Reputation:
I have two time series data. One including drug name, start date of usage, Stop date of usage, and dose of drug and second data including visit date and score,
data1<- data.frame("Drug Name" = c("Drug1","Drug1","Drug2","Drug1","Drug3","Drug2",
"Drug4","Drug5","Drug1"),
"Start Date" = c("7/1/2016","1/1/2016", "8/6/2015","2/1/2015","6/14/2017",
"6/21/2017","1/24/2018","7/30/2018","7/30/2018"),
"Stop Date "=c("1/14/2017","1/14/2017", "1/14/2017","1/14/2017"

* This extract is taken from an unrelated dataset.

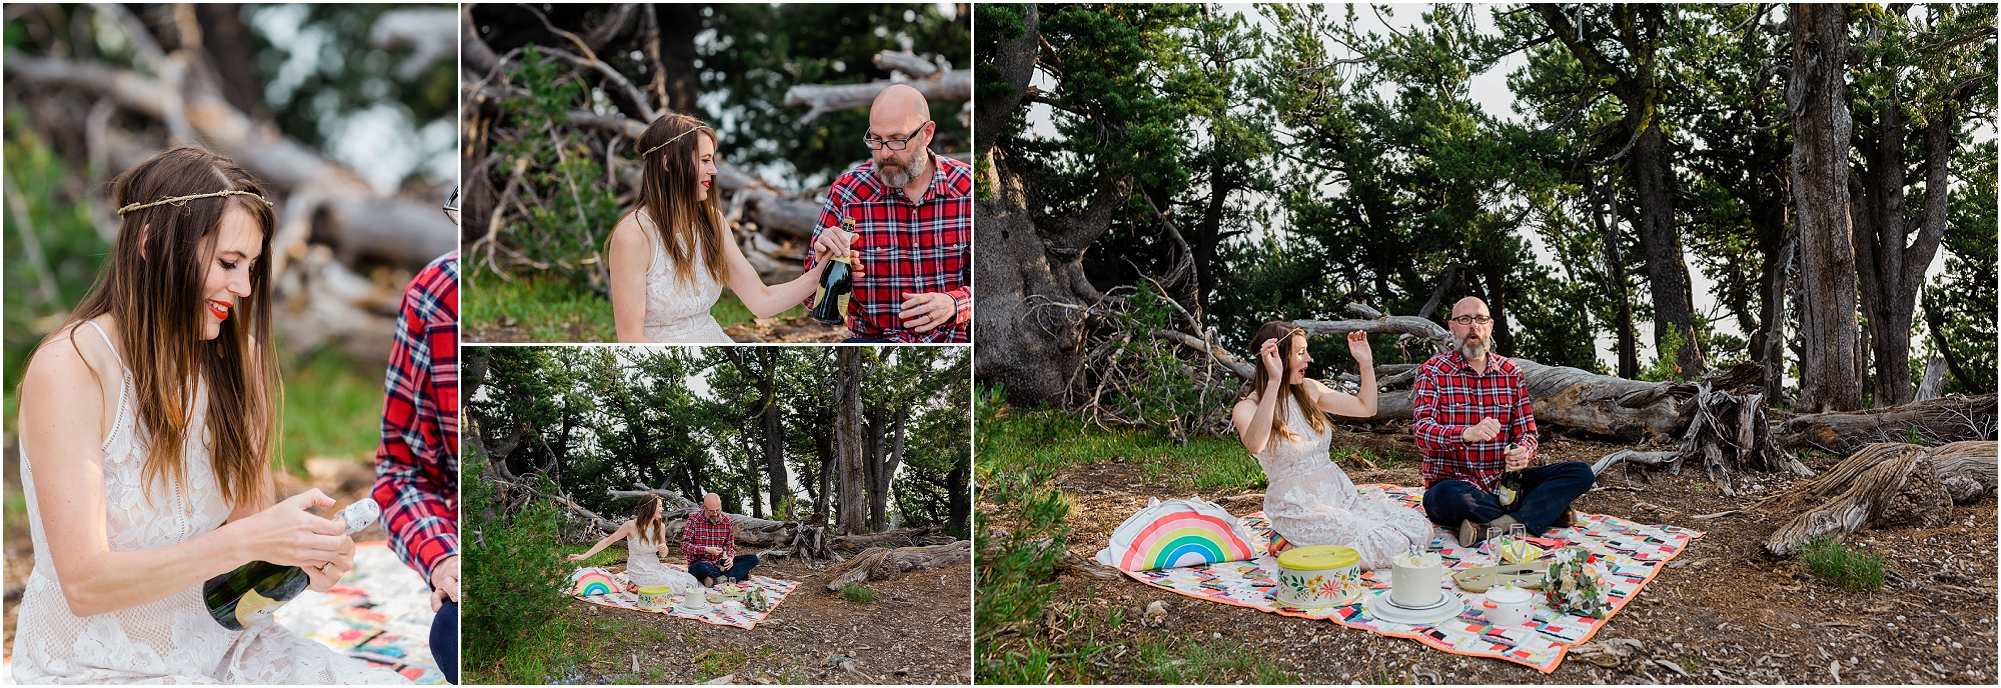 An eclectic Indie bride and groom pop the champagne to celebrate their Crater Lake elopement in Oregon on a beautiful summer day. | Erica Swantek Photography

,"1/24/2018","6/29/2018","6/29/2018","Ongoing","Ongoing"),
"Dose"=c(12,20,32,3,5,6,6,8,9))
data2<-data.frame("visitdate"=c("8/24/2016","8/24/2016", "10/19/2016","12/7/2016","12/21/2016",
"3/22/2017","5/10/2017", "6/14/2017", "7/12/2017","9/27/2017",
"11/29/2017", "1/24/2018","3/21/2018","5/30/2018","8/15/2018",
"10/3/2018", "11/28/2018"),
"Score"=c(1,2,3,34,6,7,9,5,6,8,5,5,7,9,1,2,5))
I would like to merge these two data in a way that for example on visit date 8/24/2016
tells me how many drugs the patient has taken with its dose plus the clinical score.
Upvotes: 0
Views: 177
Reputation: 30474
There may be some pre-processing of data to consider early on.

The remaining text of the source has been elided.